Licenzero: looking for porn by skin color

    Mask for skin colorWe continue the description of the classifier of pornographic video content developed by Inventos (Licenzero, which is present in the title is not a separate company, but a division in Inventos).

    A skin color detector is one of the detectors with which we classify videos. It is not as complex as a motion detector , or a fragment detector, one might even say very simple. At the beginning, we had a bunch of ideas related to skin color in the video. But having tried the simplest approach to classification, we decided (maybe temporarily) to dwell on it, since the results we were quite satisfied with. So.

    Skin color determination


    There were two tasks before us:
    • determine what color can be called “skin color”,
    • categorize porn videos by skin color.

    So, let's start with skin color. First things first we got a few thousand pictures. Both just pictures and frames from video, including pornographic, since we were primarily interested in just such a video.

    Then, using a simple home-made program:
    Skin selector
    We noted in the pictures areas with and without skin. Thus, we obtained the coordinates (in RGB) of several million points, classified by the belonging of these coordinates to human skin.

    Then there was the problem of choosing a color model, in which we will consider the coordinates of the points. Choose between RGB, LAB, HSV and YСbCr. We conducted several tests and decided to focus on YСbCr, not least because, because we had to classify it by color, we could discard the “gray” component of brightness Y.

    Here are the points from our pictures on the Сb scale:
    Histograms Cb
    And on the Cr scale:
    Histograms Cr
    That is, it is noticeable that skin pixels can be distinguished to these two coordinates. Here is the likelihood (according to our data) that a certain point with the coordinates Cb and Cr is the skin:
    Probability CbCr
    Where there is blue, the probability is 0%, where red is 100%. This slide tells us that if we choose, for example, 50% as a threshold for classifying the skin, we can easily separate the skin light (in the Cb and Cr coordinates) from all the other colors.

    We decided not to use SVM for classification purposes, but simply to define a rectangular area that optimally classifies skin pixels.
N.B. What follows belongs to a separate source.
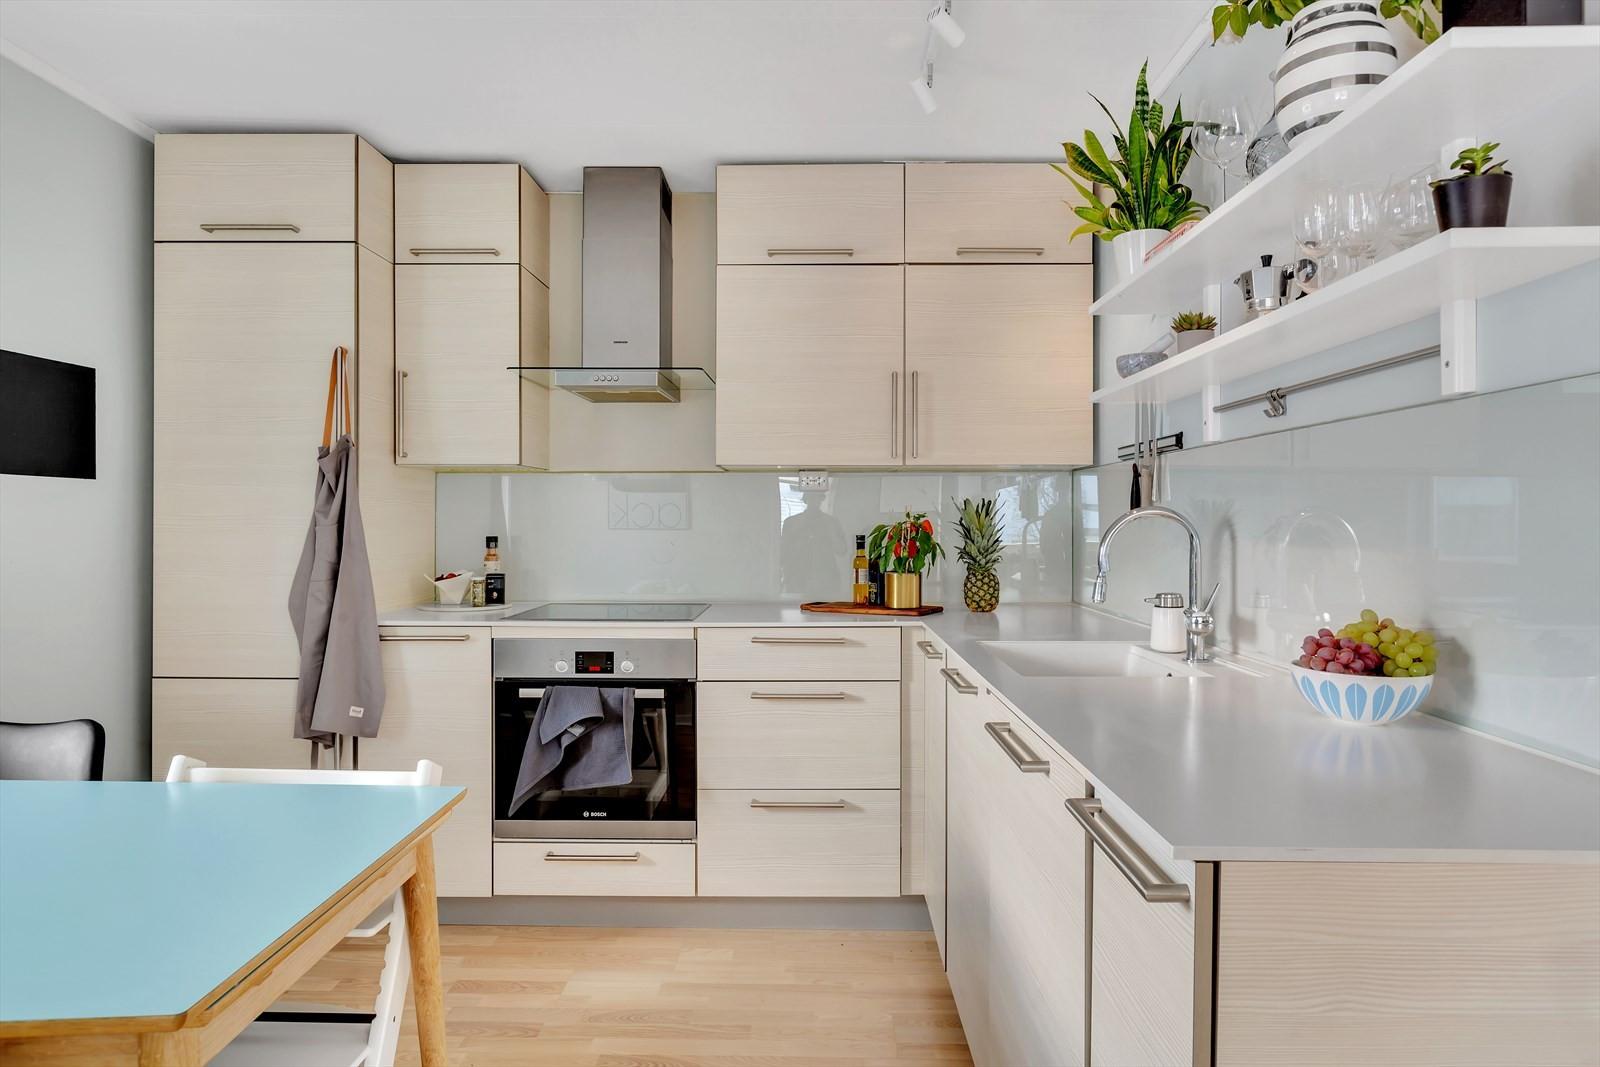 Kjøkken med moderne utførelse. Godt med skapplass og integrere hvitevarer.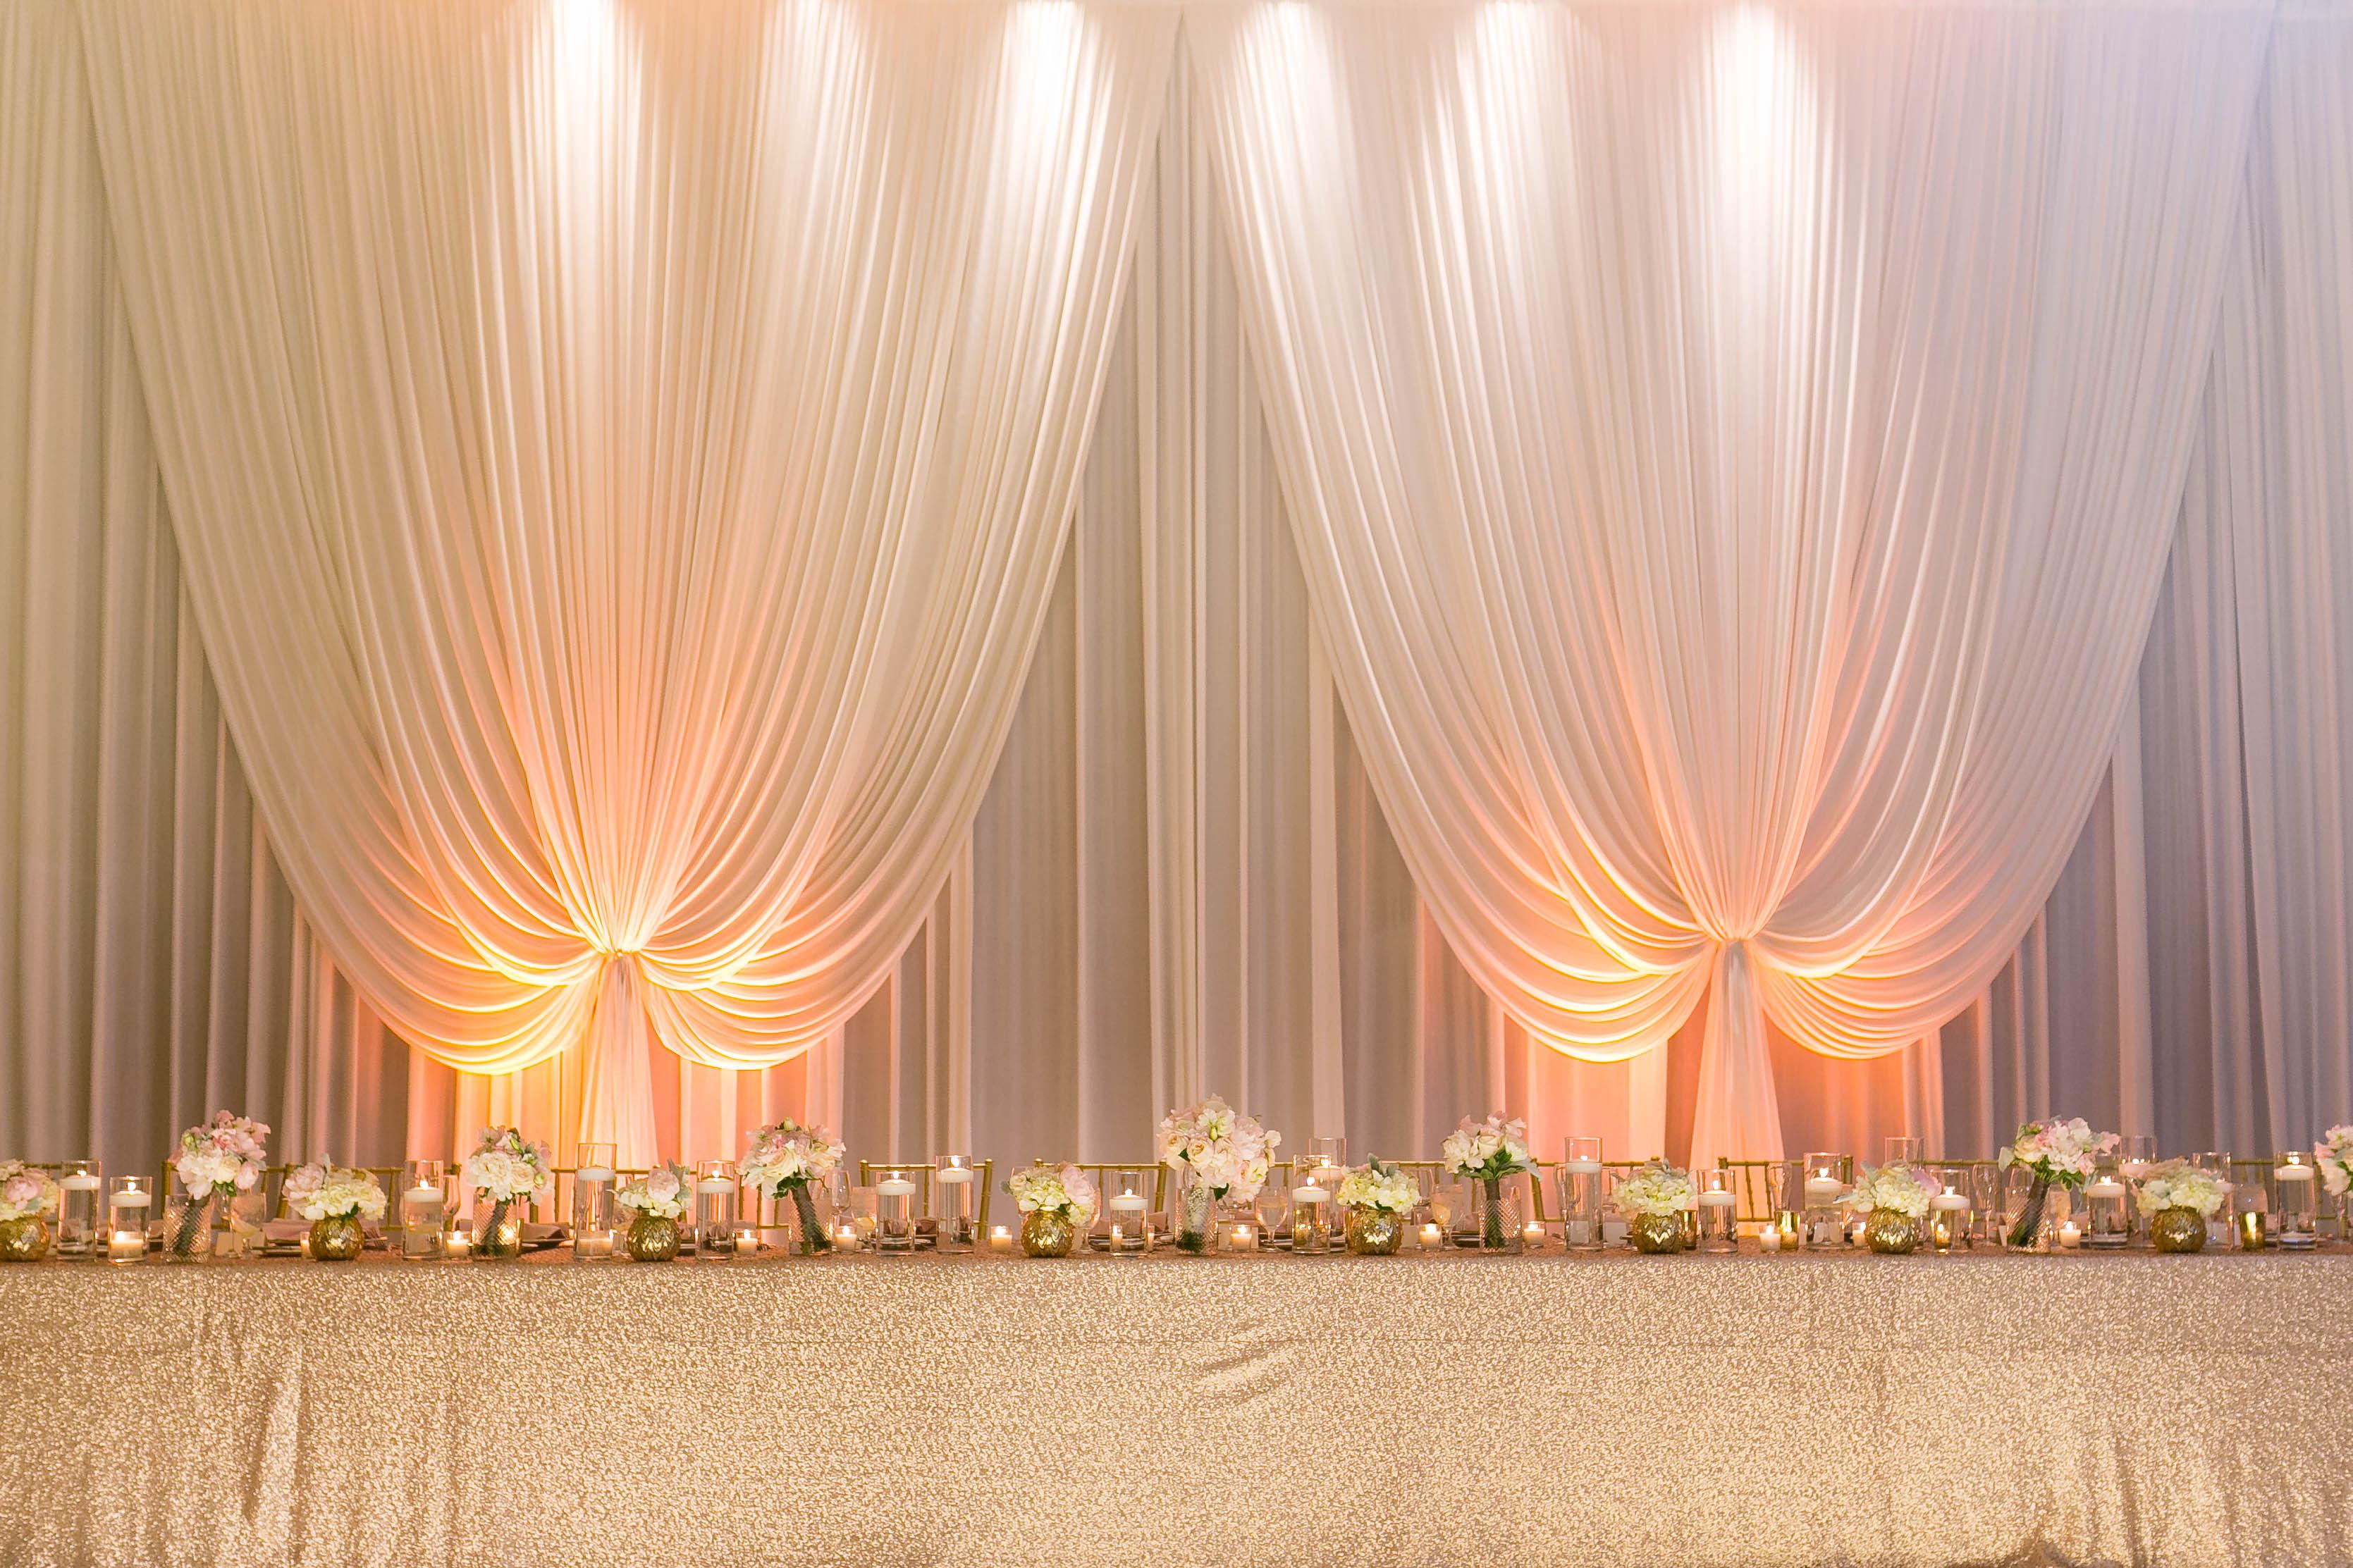 Head Table at Wedding - Elizabeth Anne Designs: The Wedding Blog

That is, such a pseudo-SVM with four reference vectors. Here is a rectangle:
    Rectangle
    The black line is our rectangle. The green line is the probability that the point on this curve refers to the skin is 50% (red: 90%, blue: 10%). That is, all points with coordinates Cb and Cr that fall inside the black rectangle are pixels of the skin.
    Here is an example of determining the skin of our system:

    We stopped our research on this rectangle because it’s all interesting, of course, but we need to move on to the classification of pornography by skin color.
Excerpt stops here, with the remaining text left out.